▶ [About this task]
Pictures are to be left out, and only the lines from the one with "引き出す呼びかける突進(ロート製薬)50の恵 髪色つづく カラーケア" through the last line of the listing below are to be repeated exactly.

▶ [Source data]
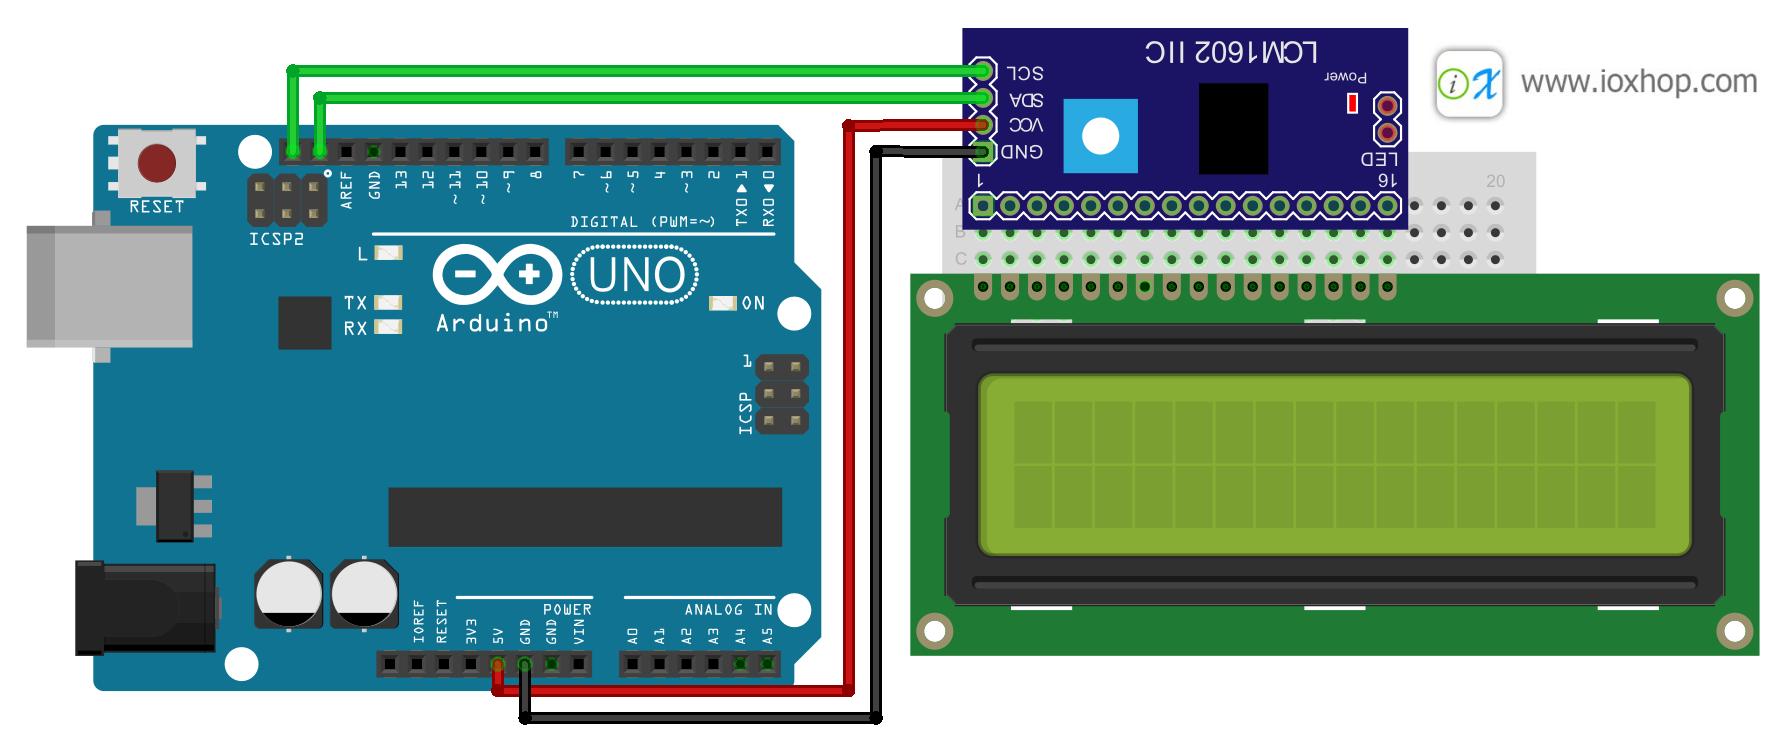 LCD Custom Character Generator
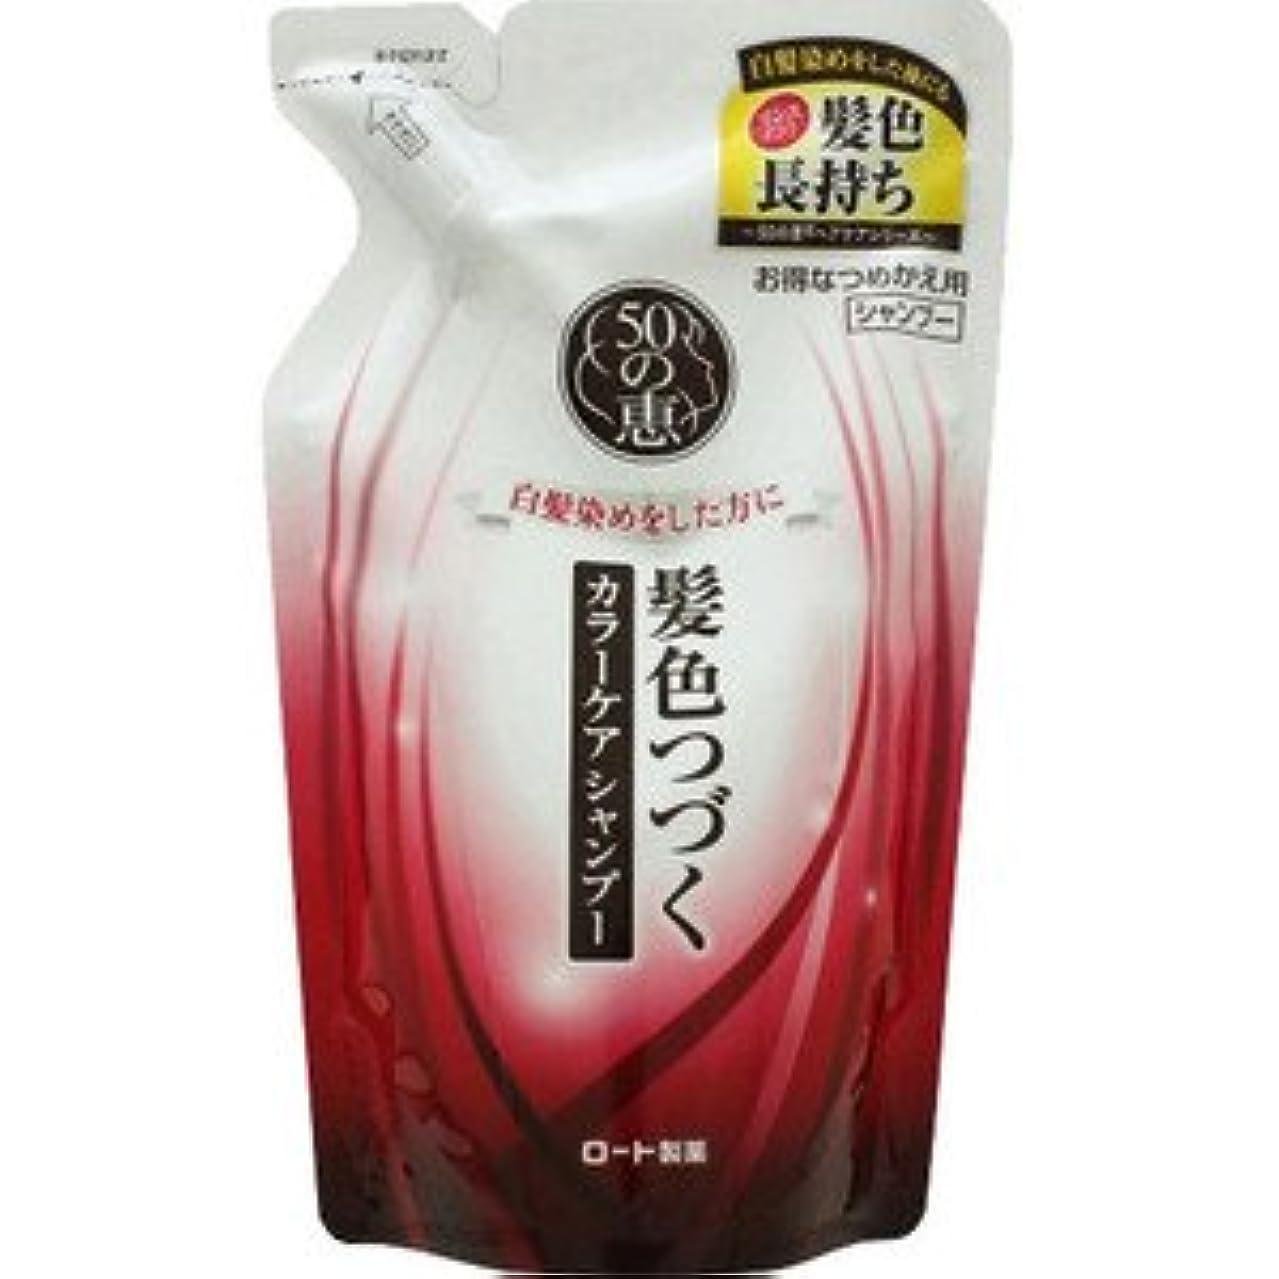 引き出す呼びかける突進(ロート製薬)50の恵 髪色つづく カラーケア シャンプー(つめかえ用) 330ml(お買い得3個セット)
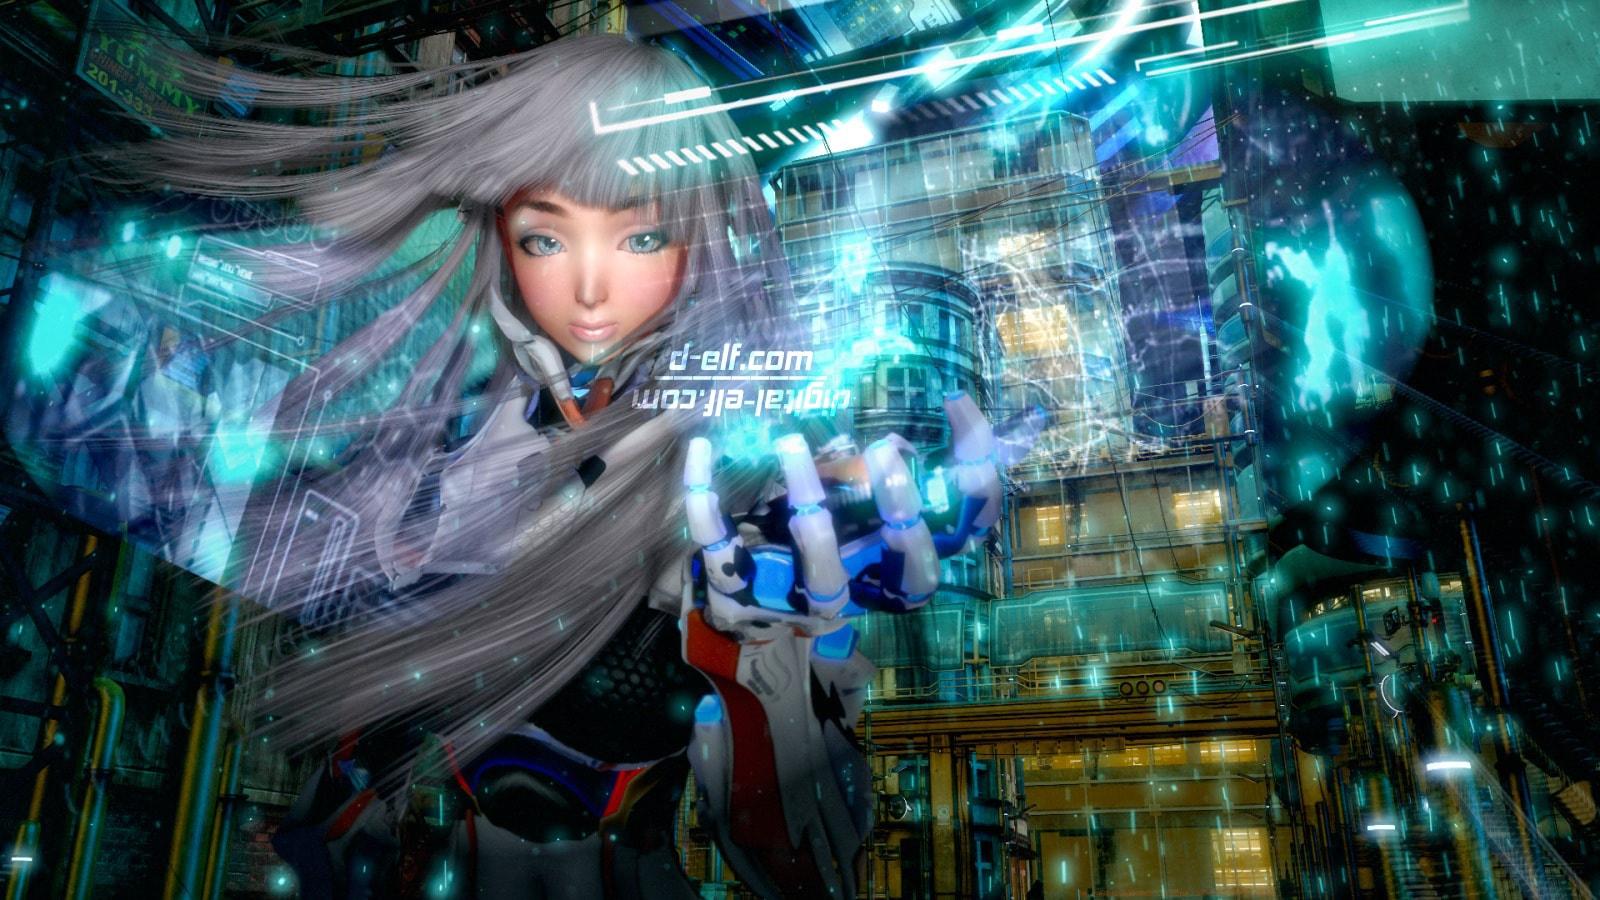 【近未来SF・サイバーパンク系の背景画像素材】 Sci-Fi Background images

▶ [Response area]
 引き出す呼びかける突進(ロート製薬)50の恵 髪色つづく カラーケア シャンプー(つめかえ用) 330ml(お買い得3個セット)
 【近未来SF・サイバーパンク系の背景画像素材】 Sci-Fi Background images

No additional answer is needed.